Bell died in a car crash in 1978, the same year Big Star's third album was released. He was only 26.

Happily, all of the Box Tops' original members are still active, although guitarist-keyboardist John Evans stepped down in 2000 to focus on his work as a computer network administrator.

In addition to Chilton, 57, and Cunningham, 57, the band also includes two other original Box Tops: drummer Danny Smythe, 59, and lead guitarist Gary Talley, 60. On stage, they are augmented by keyboardist Barry Walsh.

"I don't know that the group dynamic is any different today than it was back in the old days," Cunningham said. "Certain ones of us still get along better than others, and we're probably just as childish and immature in some ways. The peculiar thing is how similar it is to like it was before."

Sort of, but different.

Back in the day, the teenage members of the Box Tops were together 24/7 for nearly four years. Since regrouping in 1996 after a 26-year hiatus, the band's original members have performed an average of 20 shows per year.

Intriguingly, the scarcity of performances by the Box Tops has helped make its time on stage far more enjoyable.

"That's exactly it," Cunningham said. "None of us depend on the band for a living, unlike when we were teenagers who were thrown on the road and had to live with each other, 365 days a year. We see each other so infrequently now that it's sort of a joy to get together."

Chilton, a longtime New Orleans resident, is the only band member who has pursued a solo career in music for pretty much all of his adult life.

Smythe is a freelance commercial artist in Chicago, while Talley is a longtime Nashville studio musician. He has recorded with Willie Nelson, Waylon Jennings and Tammy Wynette and performed live with everyone from Dr. John and Billy Preston to Shelby Lynne and Warren Haynes.

Then there's Cunningham, who is such an accomplished contrabassist that he has performed at the White House with Pinchas Zuckerman and Itzak Perlman.
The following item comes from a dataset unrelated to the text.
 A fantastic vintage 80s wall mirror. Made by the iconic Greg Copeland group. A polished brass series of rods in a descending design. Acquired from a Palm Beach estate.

He now works for the Federal Trade Commission in Washington, D.C.

"I try to keep that secret," Cunningham said. "It is a night-and-day difference working for the government and then going out on the road. I usually reserve my vacation days for any road trips; we only play a handful of shows a year."

Cunningham was the instigator of the Box Tops' highly unexpected reunion in 1996. It was prompted by his curiosity about how the band would sound if it recorded anew using modern technology.
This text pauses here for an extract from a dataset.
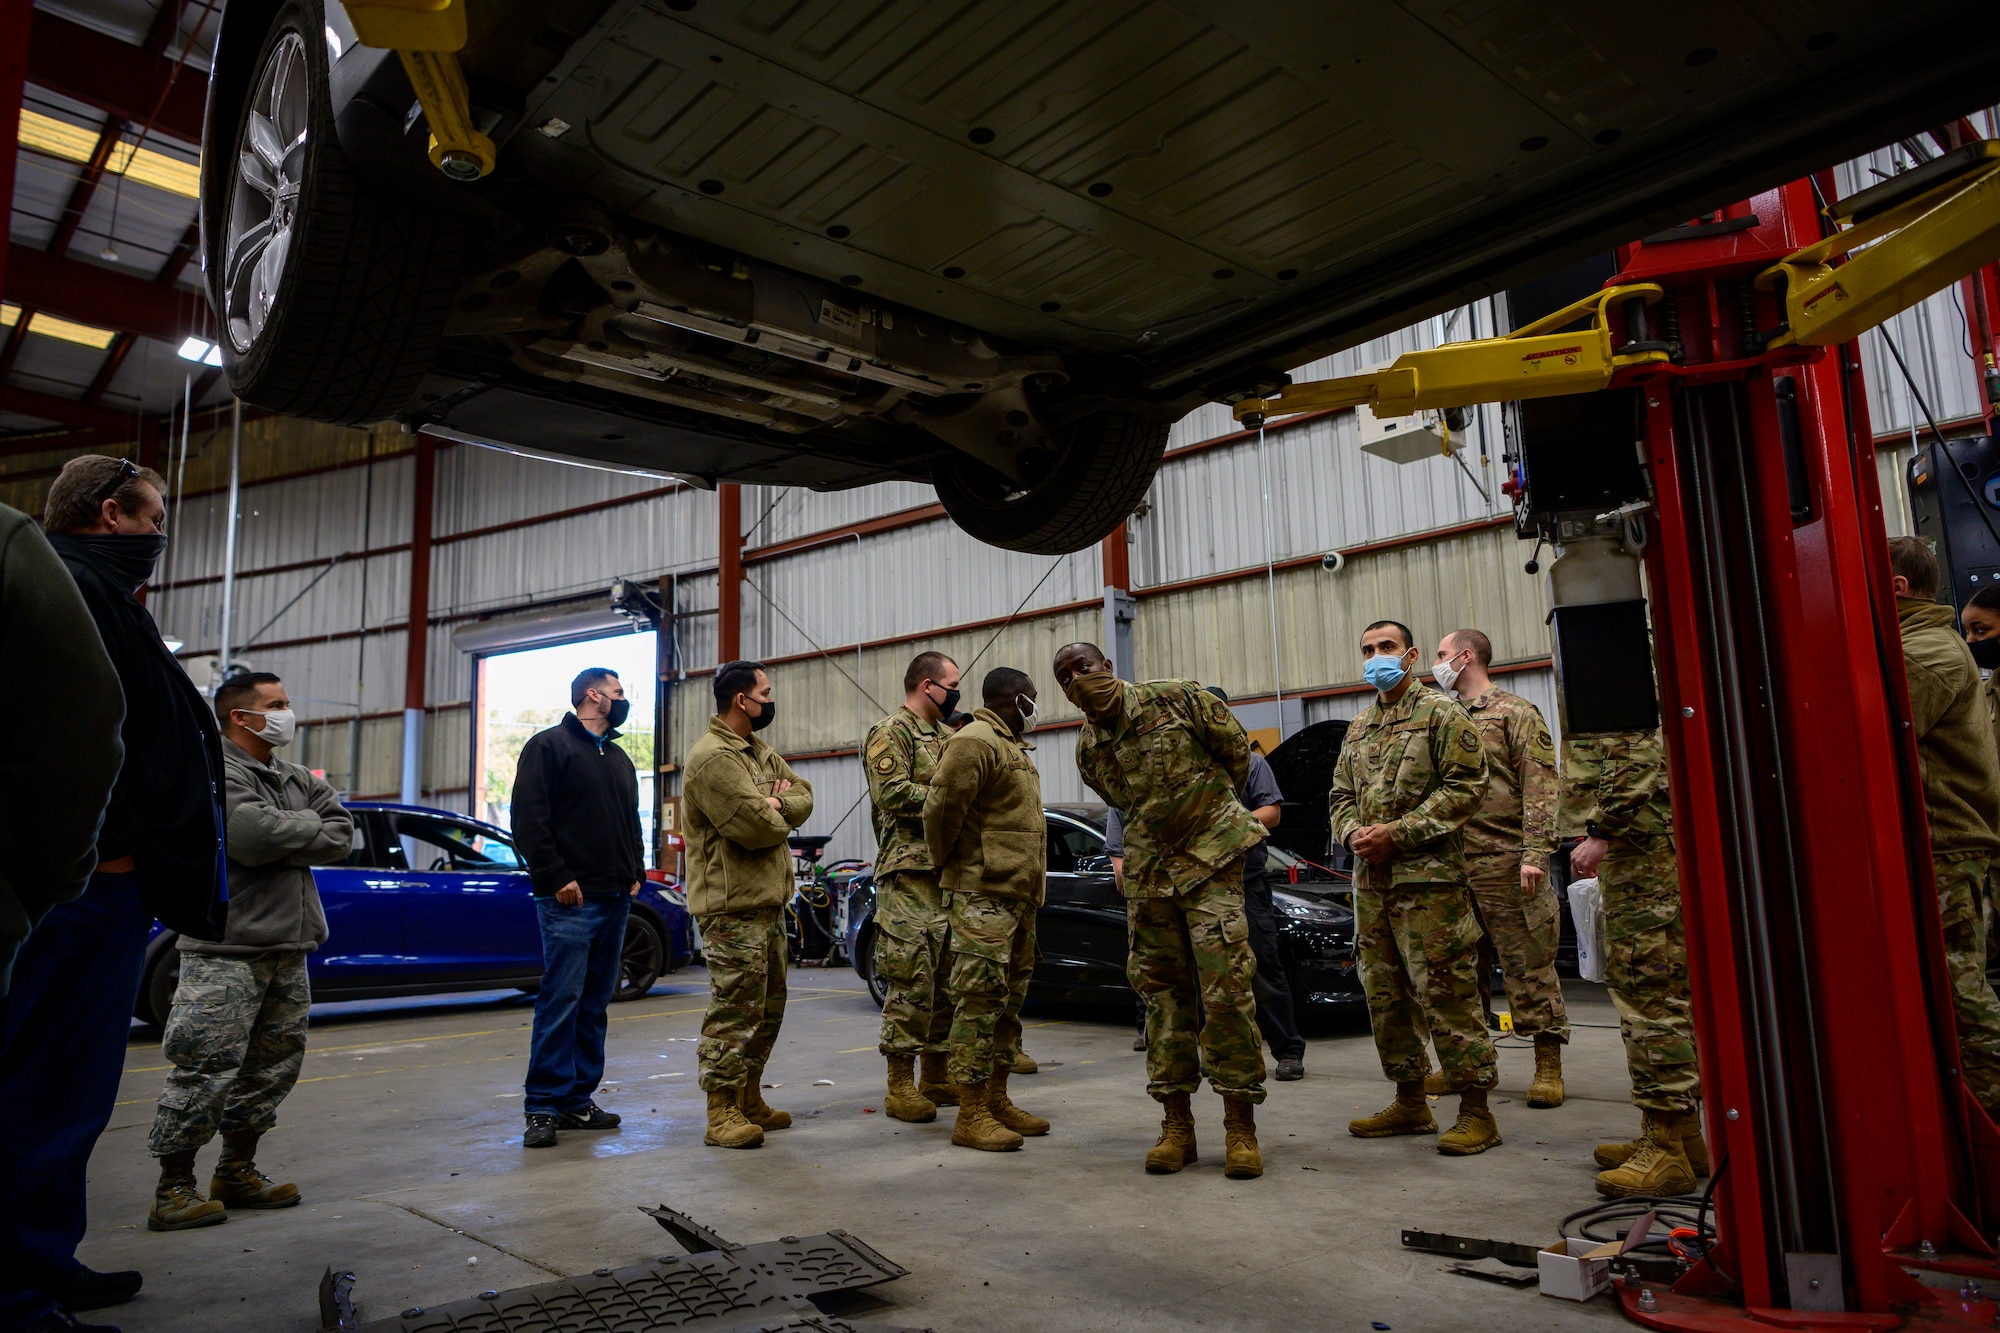 Airmen stand around a lifted Tesla vehicle inside a large warehouse.

"I just called up Alex, and he said, 'Sure. Who should we get?'" Cunningham recalled. "I said, 'I guess the original guys.' I called them up, and they said, 'Yeah, we'll do it, but Alex won't'. And I said: 'I called him, and he will.'"

The band, which released four albums from 1967 to 1969, recorded "Tear Off" for France's Last Call label in 1998. However, it consisted largely of vintage songs by other writers who had inspired the members of the Box Tops.

"I would like to do an album with all original material," Cunningham said. "Because we never have; we've always done somebody else's material, or some of Alex's. Some of us are writing. Hopefully, we'll (have) something in the not-too-distant future. It would be a discovery to see what we could come up with."